### PROVIDED MATERIAL
•••••

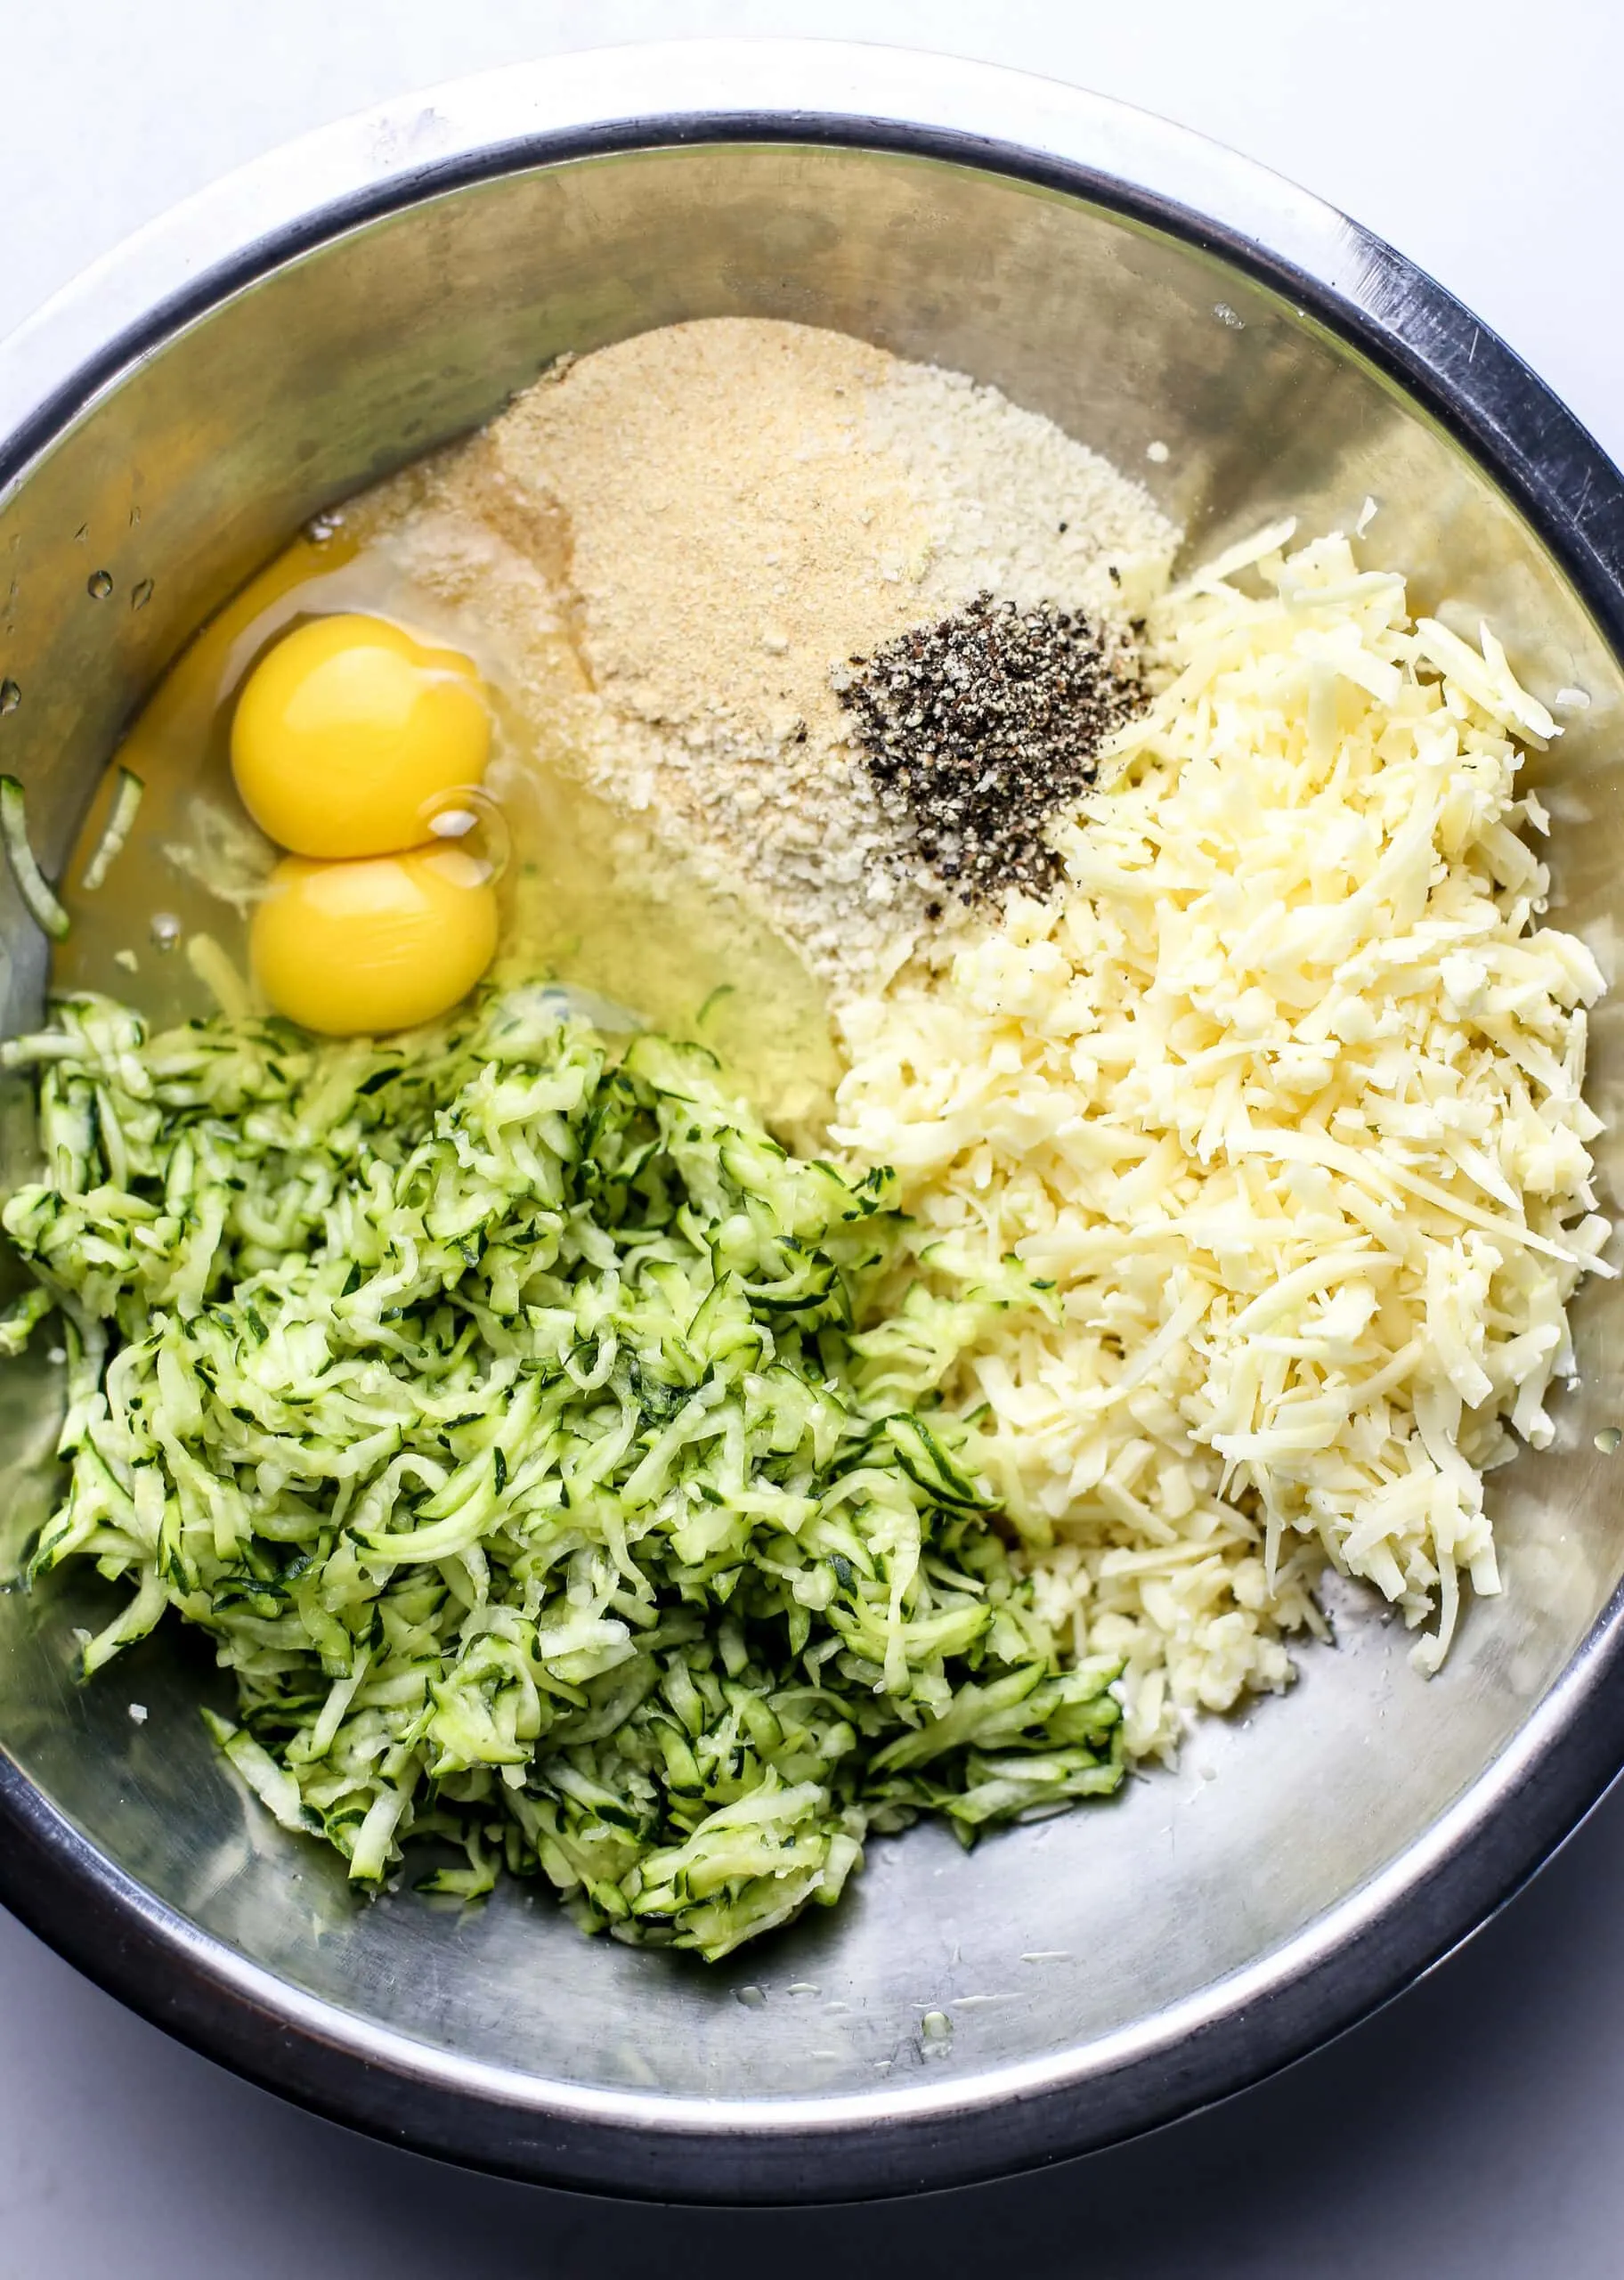 Zucchini bite ingredients in a stainless steel bowl.
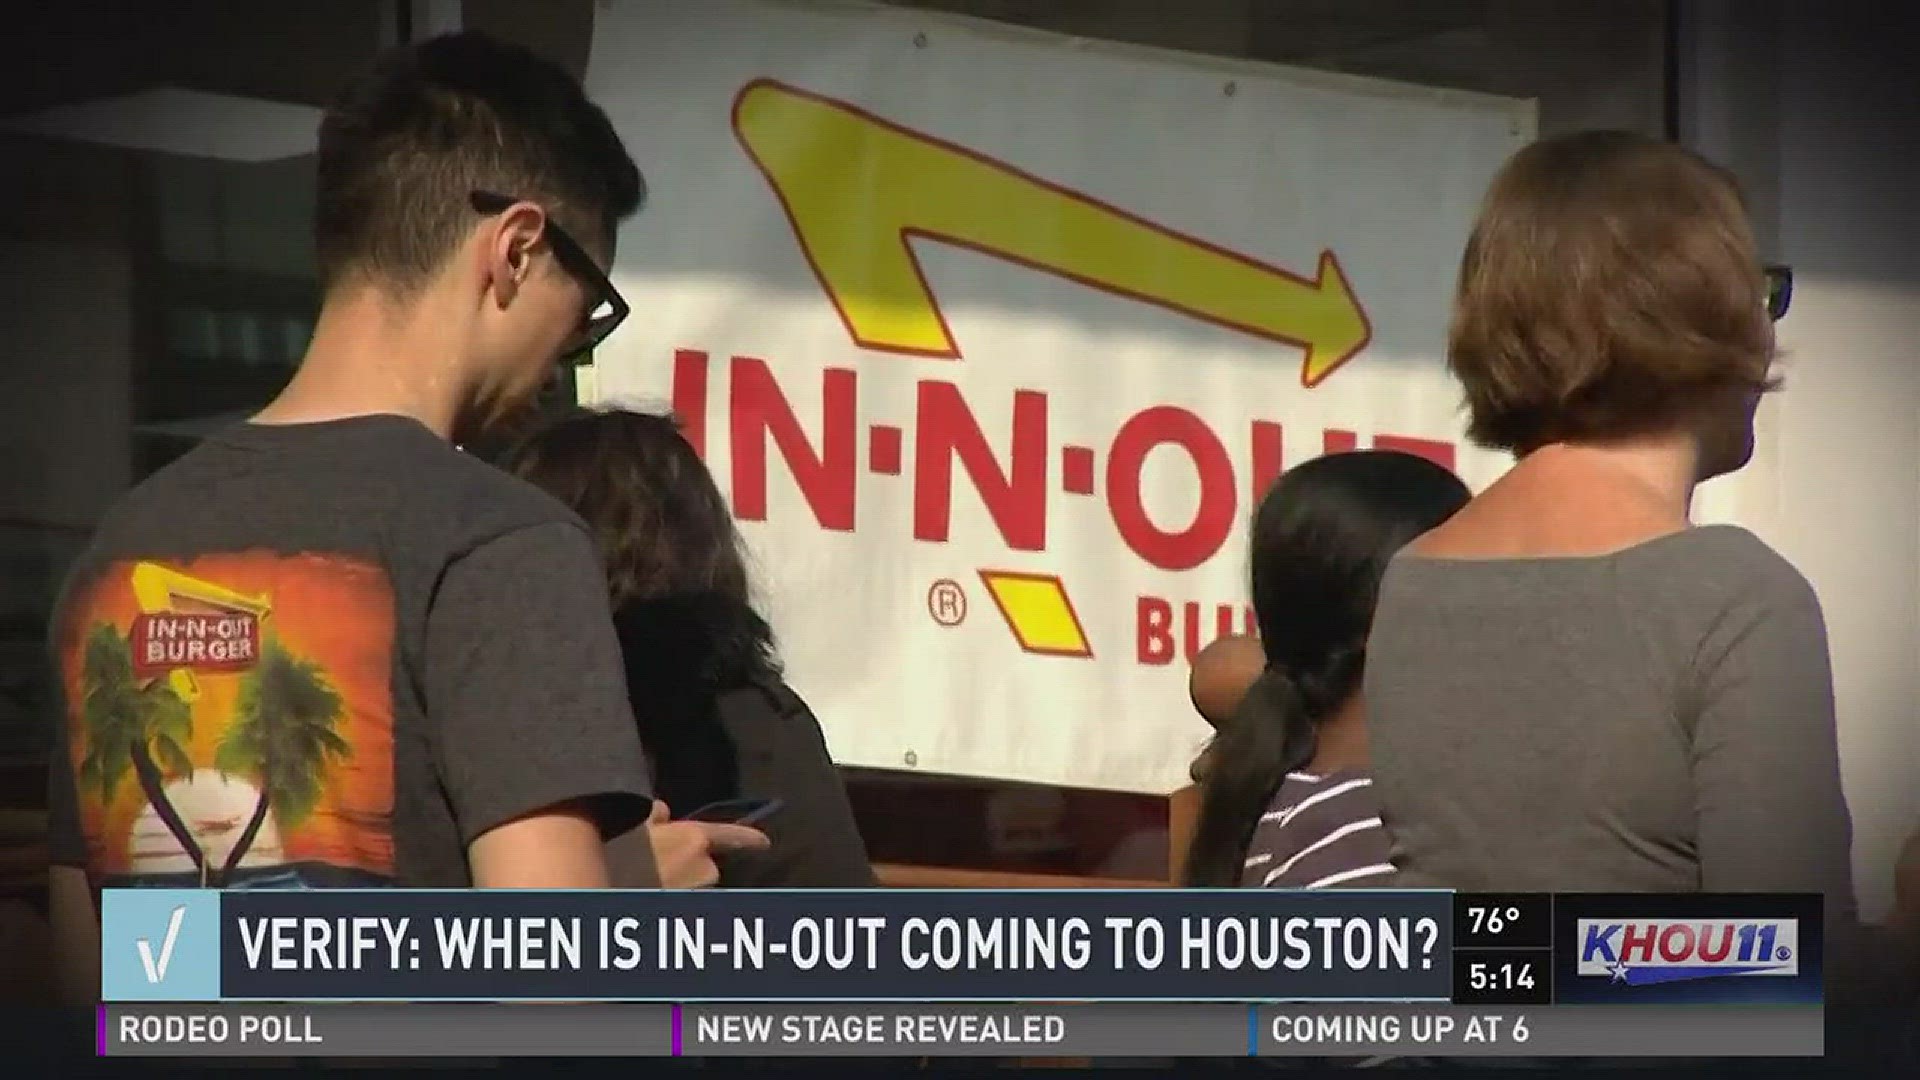 Several months ago have passed since the popular In N Out Burger joint purchased land in Houston so KHOU 11 reporter Janelle Bludau set out to verify when or if a restaurant will be built in the Bayou City.
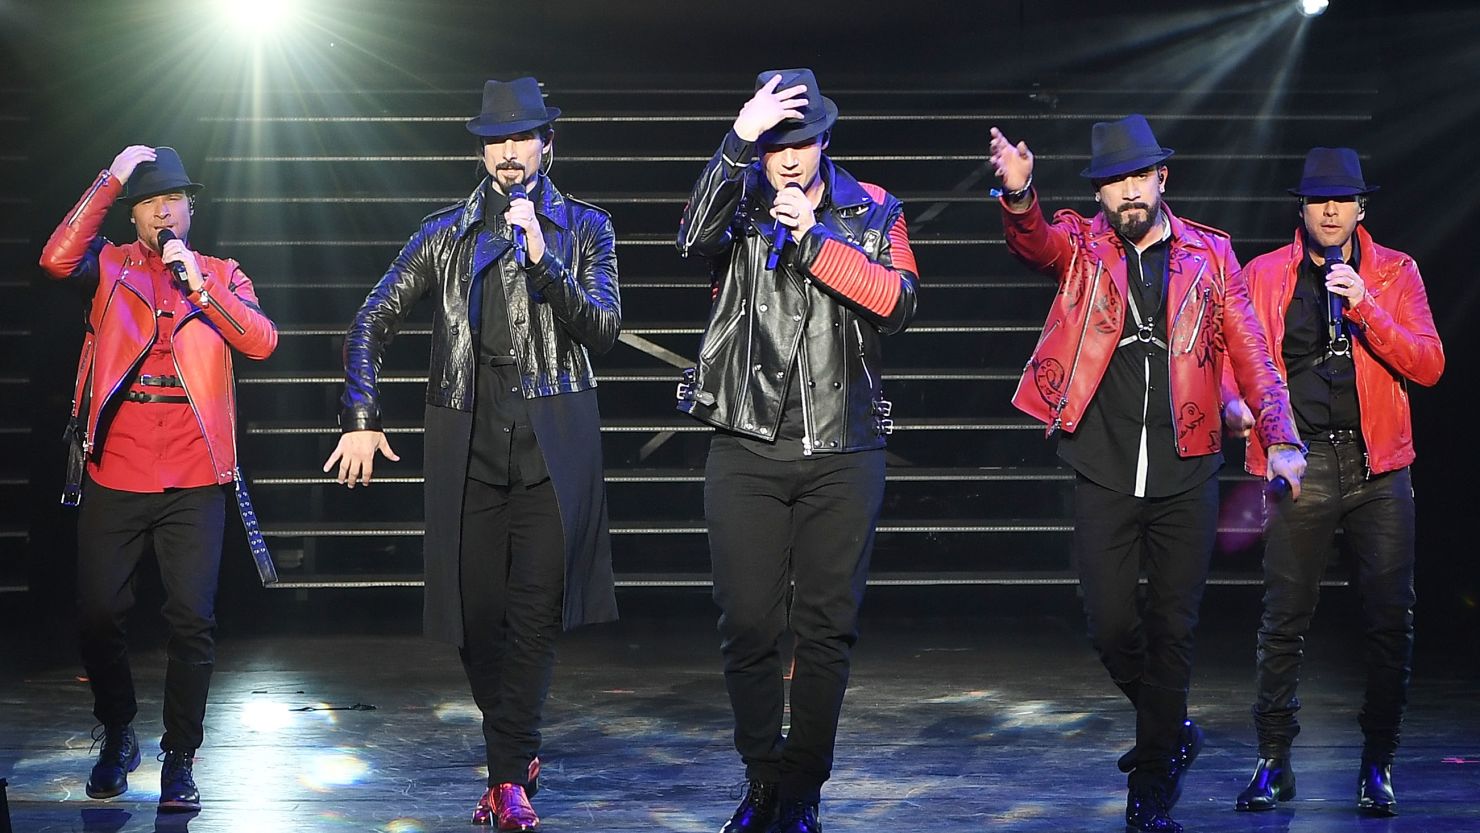 LAS VEGAS, NV - MARCH 01:  (L-R) Brian Littrell, Kevin Richardson, Nick Carter, AJ McLean and Howie Dorough of the Backstreet Boys perform during the launch of the group's residency "Larger Than Life" at The Axis at Planet Hollywood Resort & Casino on March 1, 2017 in Las Vegas, Nevada.

•••••

### TASK DESCRIPTION
Could you give the listing again exactly, minus its pictures?

### RESULT FOR THIS TASK
 Zucchini bite ingredients in a stainless steel bowl.
 Several months ago have passed since the popular In N Out Burger joint purchased land in Houston so KHOU 11 reporter Janelle Bludau set out to verify when or if a restaurant will be built in the Bayou City.
 LAS VEGAS, NV - MARCH 01:  (L-R) Brian Littrell, Kevin Richardson, Nick Carter, AJ McLean and Howie Dorough of the Backstreet Boys perform during the launch of the group's residency "Larger Than Life" at The Axis at Planet Hollywood Resort & Casino on March 1, 2017 in Las Vegas, Nevada.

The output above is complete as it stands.